THE TASK: Your task is to reproduce the listing exactly, without its images.

SUPPLIED MATERIAL:
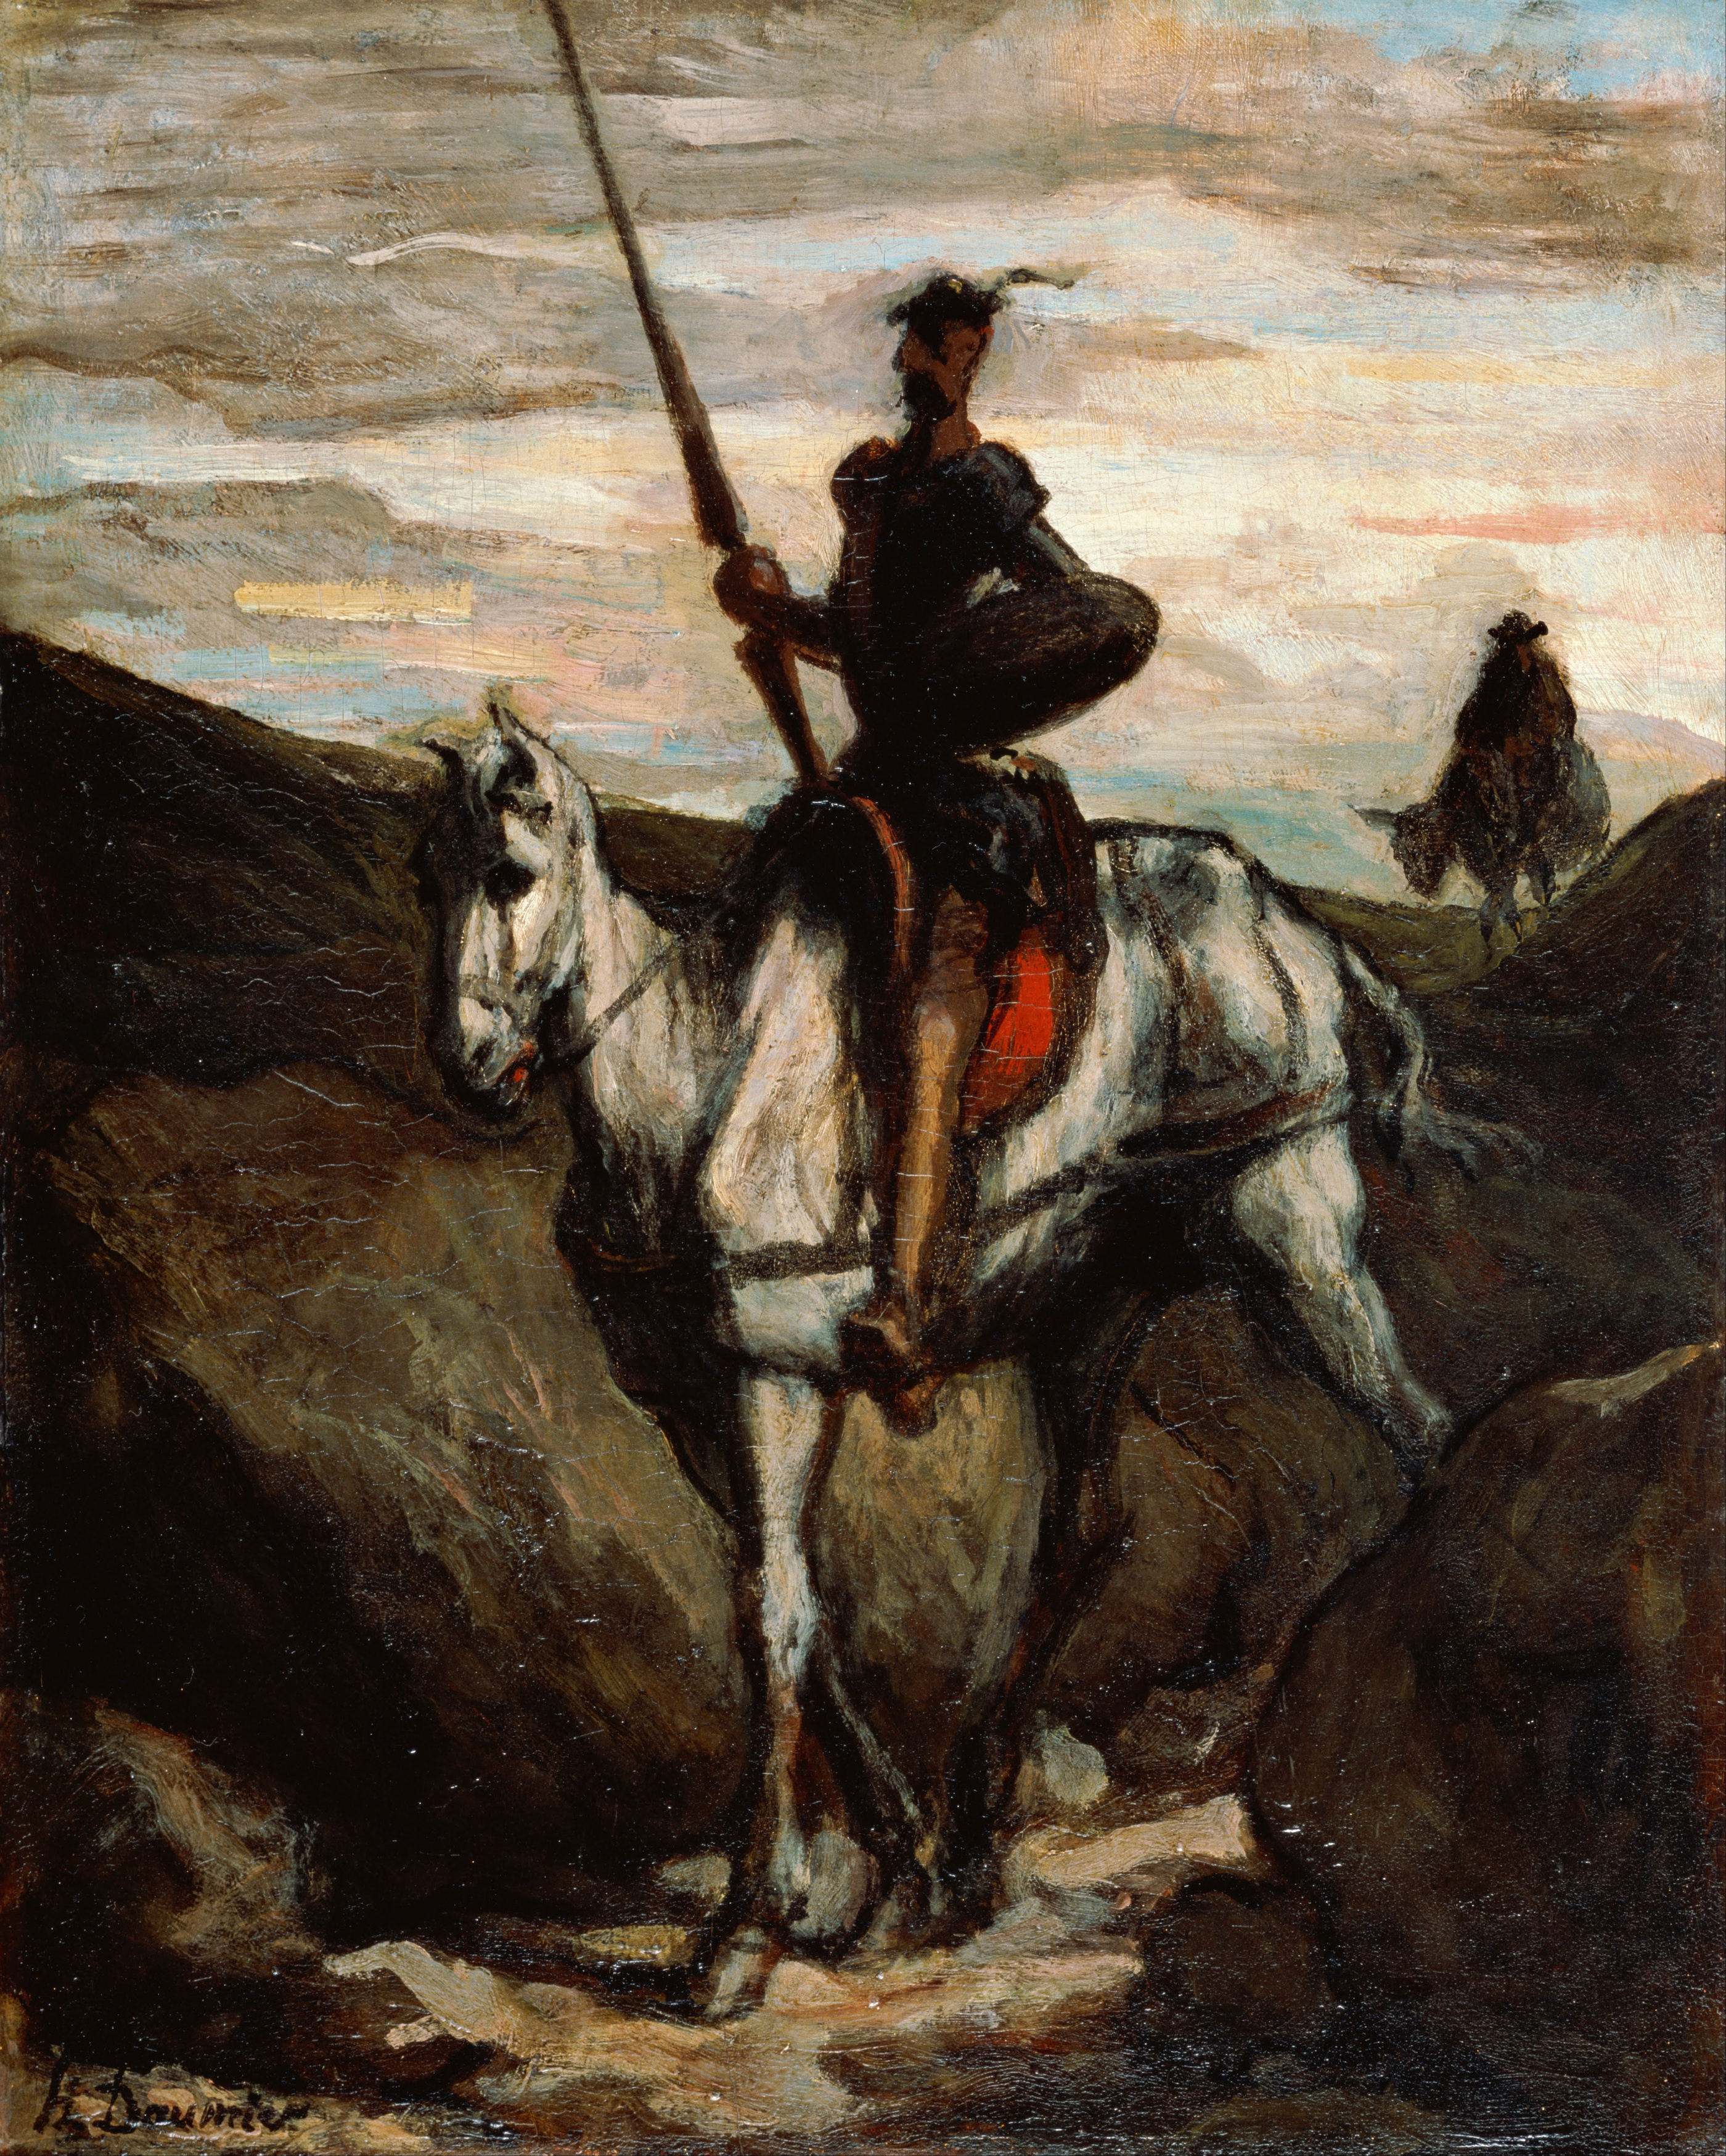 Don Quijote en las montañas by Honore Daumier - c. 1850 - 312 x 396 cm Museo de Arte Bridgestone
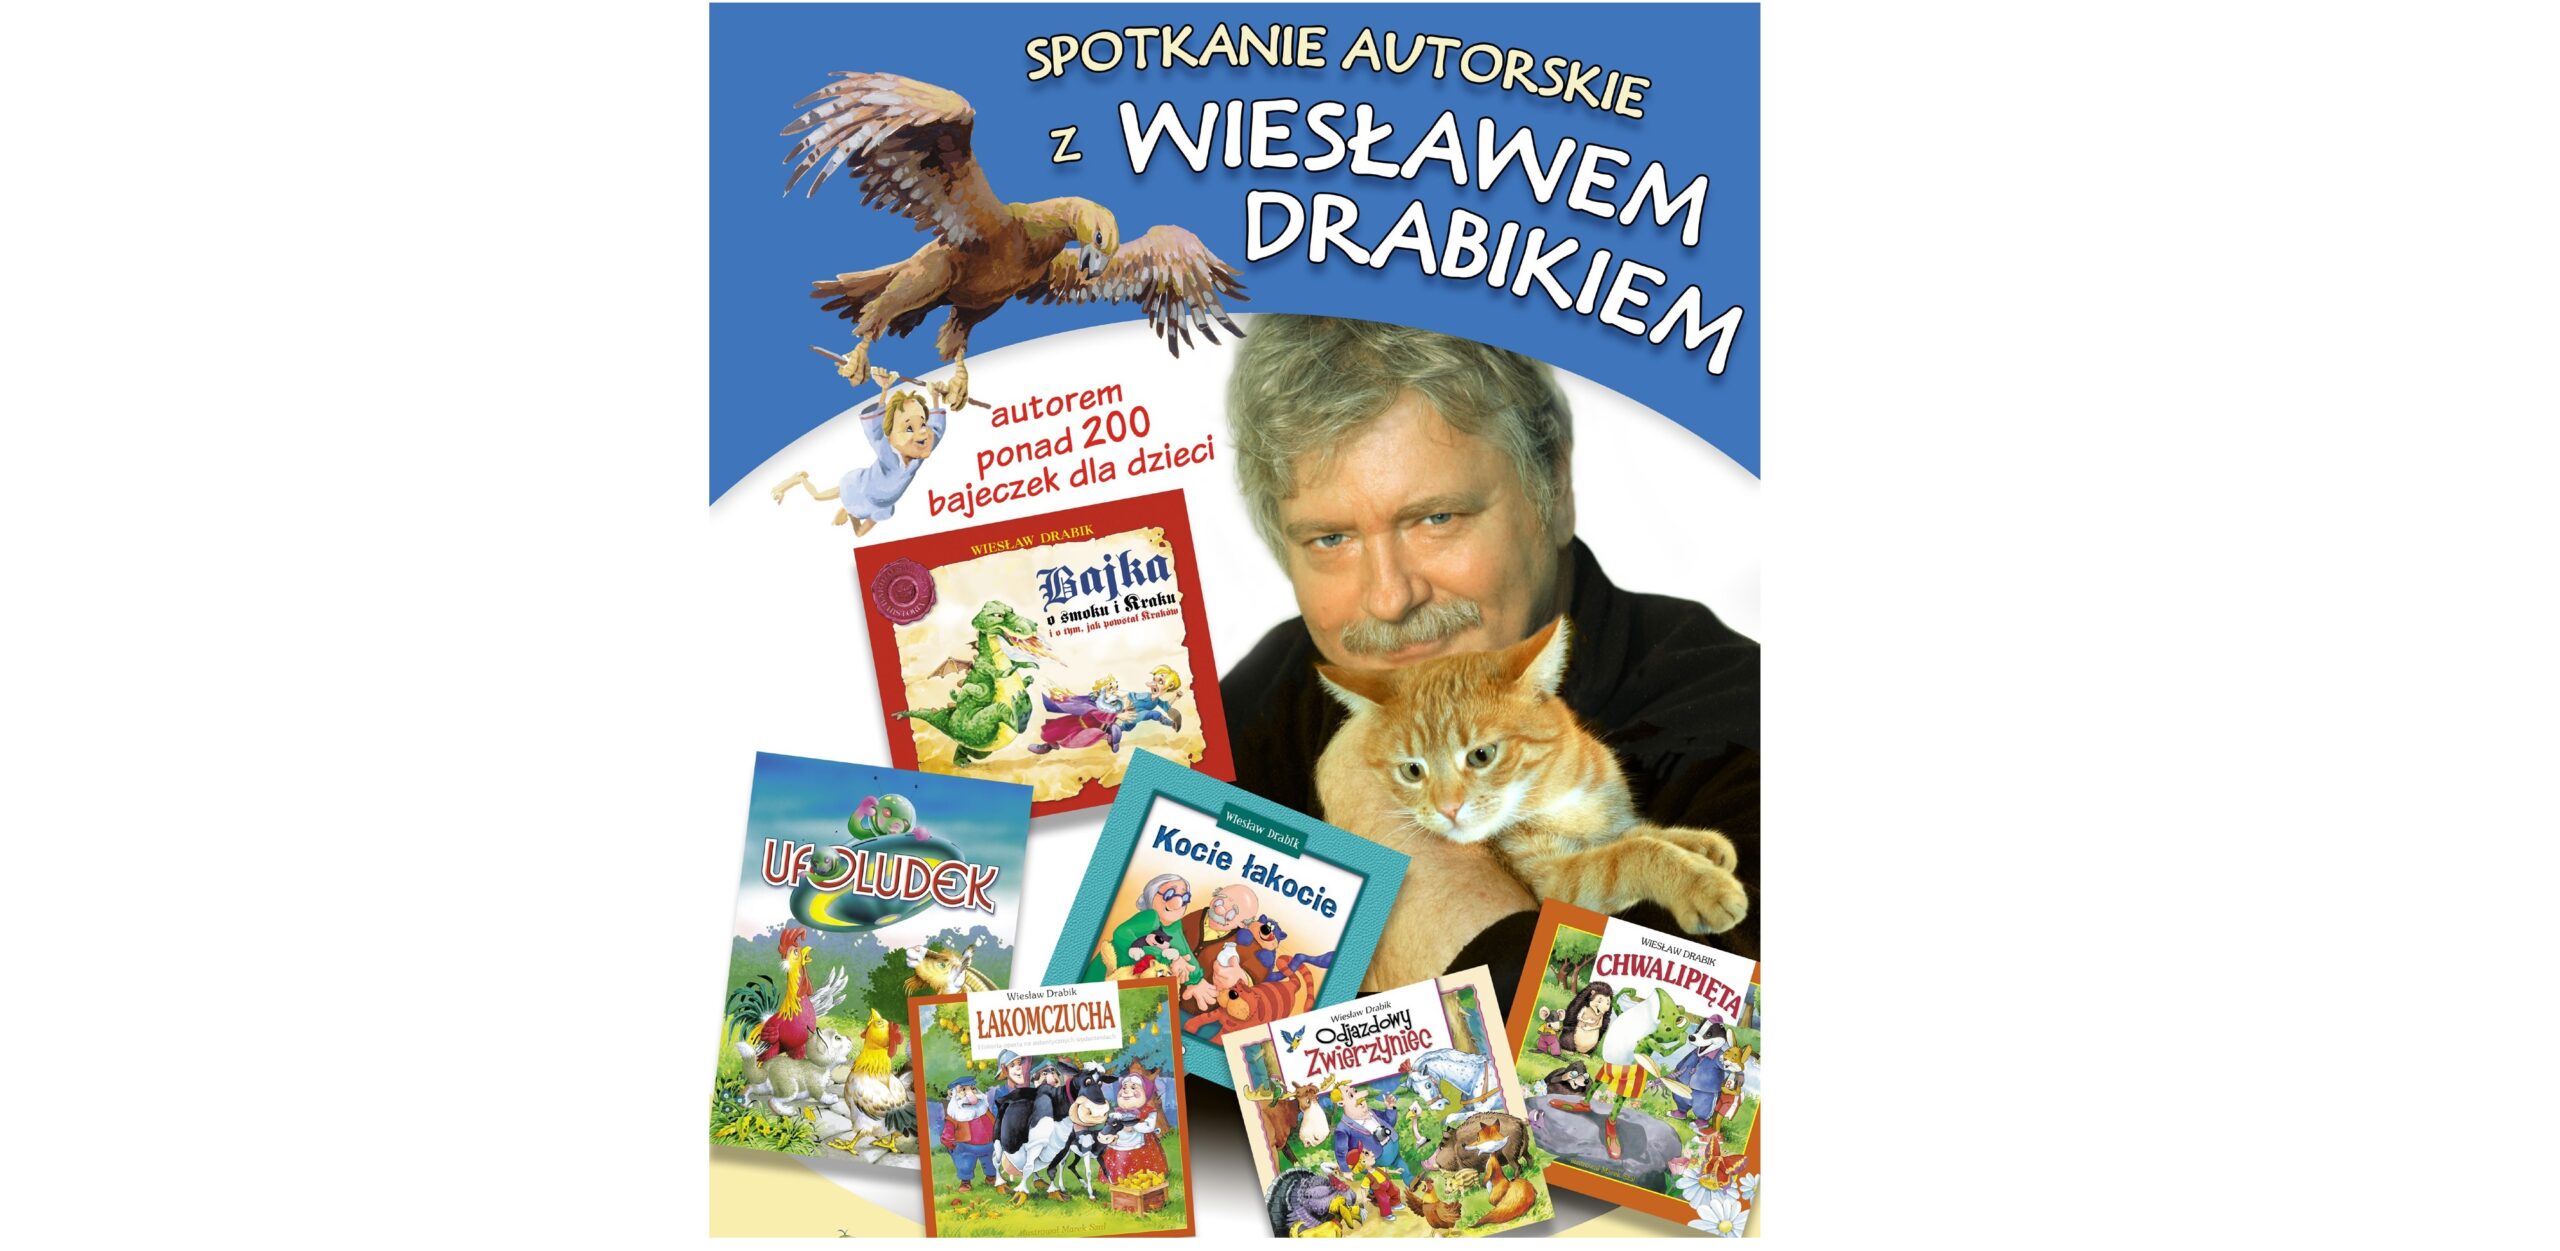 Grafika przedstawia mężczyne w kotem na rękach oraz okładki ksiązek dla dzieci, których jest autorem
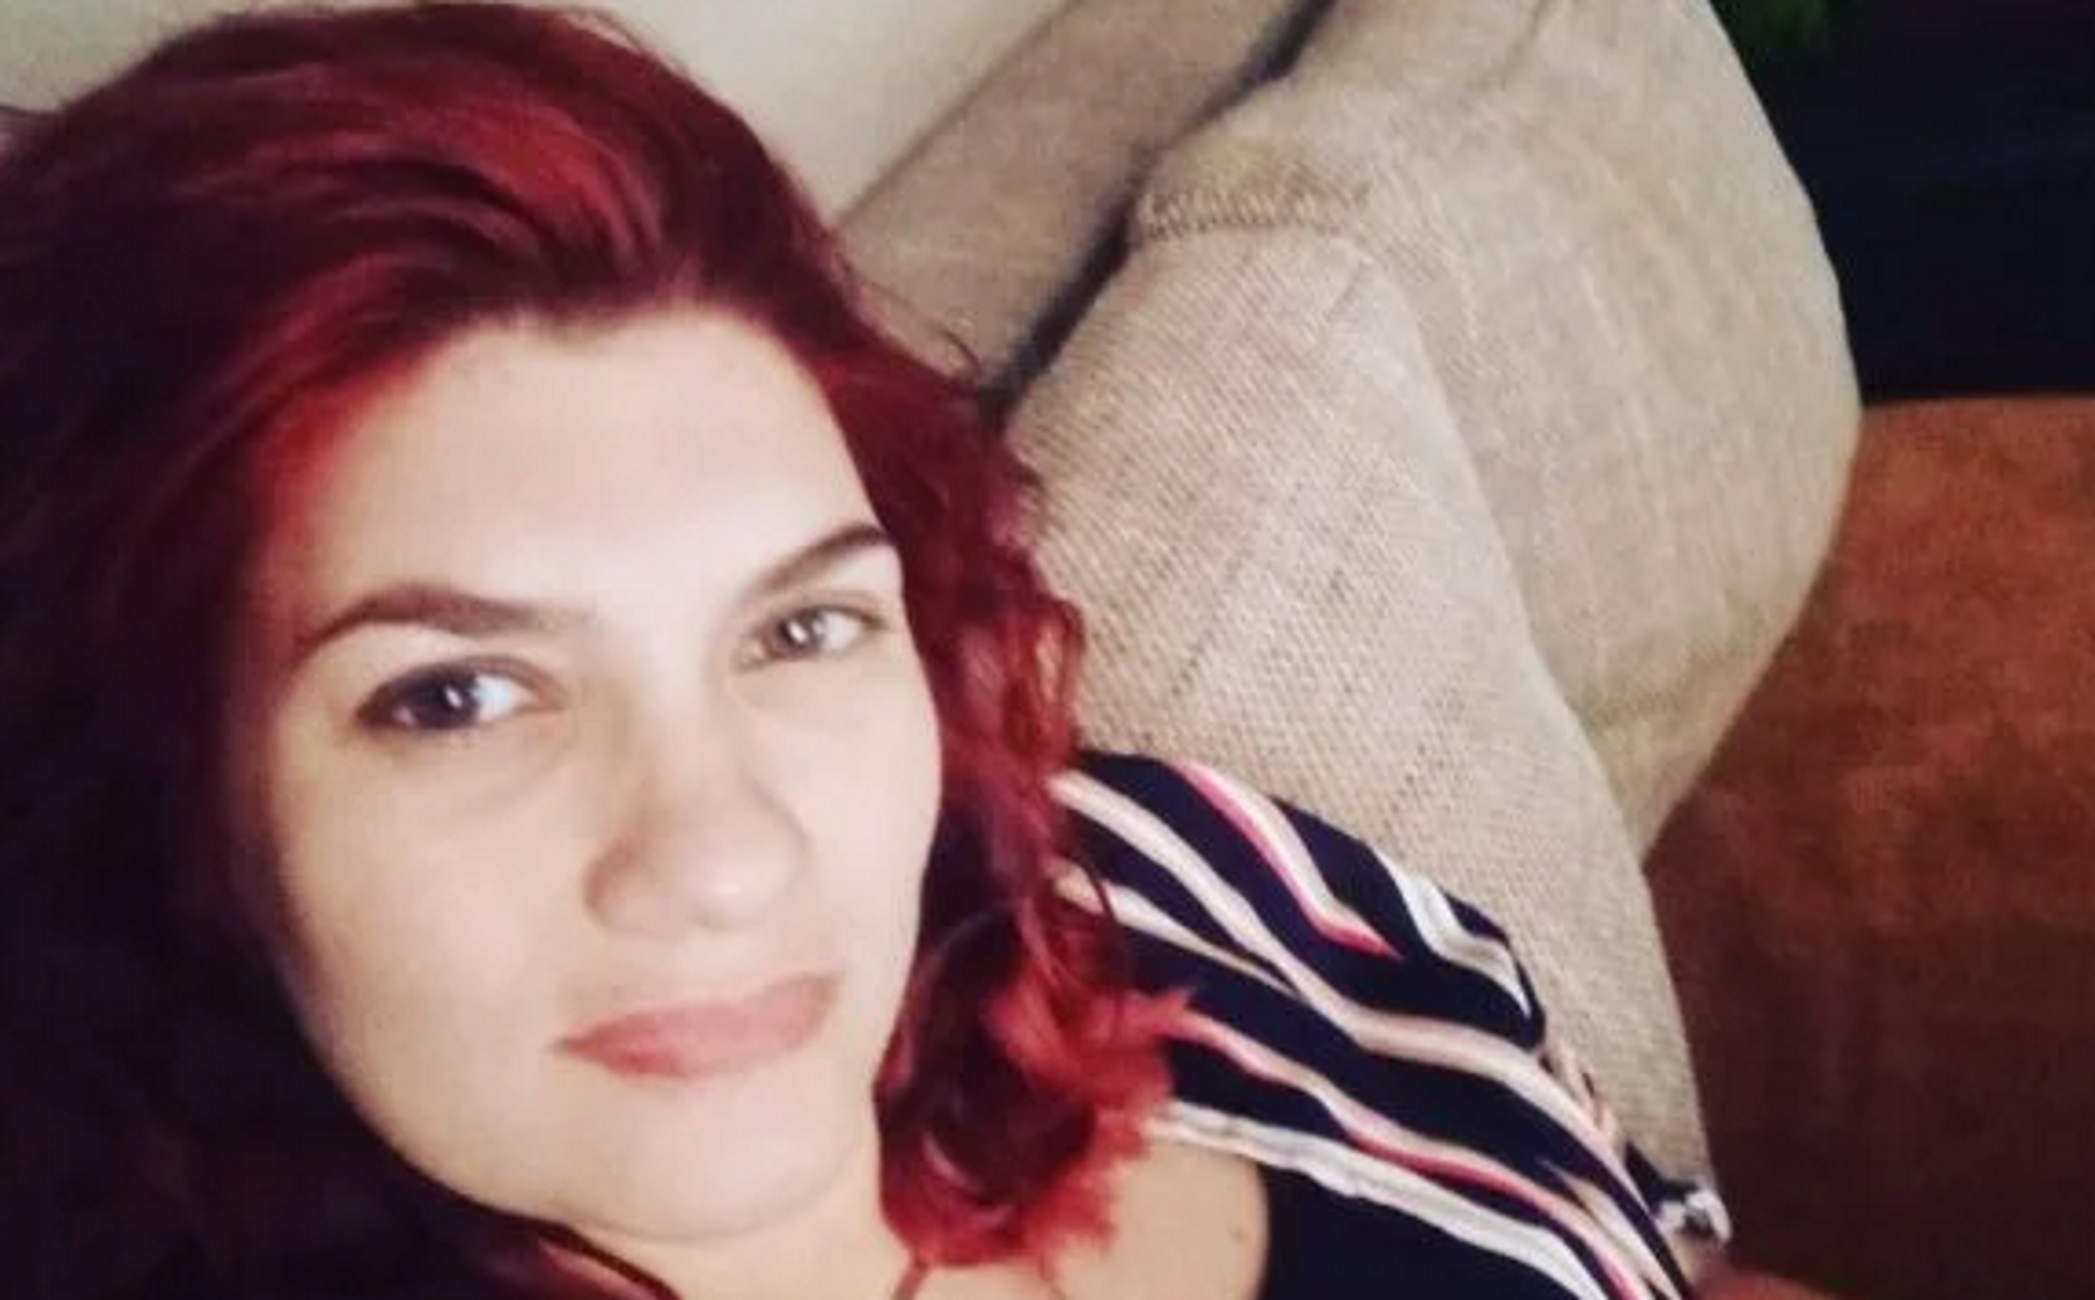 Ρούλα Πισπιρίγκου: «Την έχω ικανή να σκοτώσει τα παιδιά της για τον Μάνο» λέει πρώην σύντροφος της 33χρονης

EXERCISE SOLUTION:
 Don Quijote en las montañas by Honore Daumier - c. 1850 - 312 x 396 cm Museo de Arte Bridgestone
 Grafika przedstawia mężczyne w kotem na rękach oraz okładki ksiązek dla dzieci, których jest autorem
 Ρούλα Πισπιρίγκου: «Την έχω ικανή να σκοτώσει τα παιδιά της για τον Μάνο» λέει πρώην σύντροφος της 33χρονης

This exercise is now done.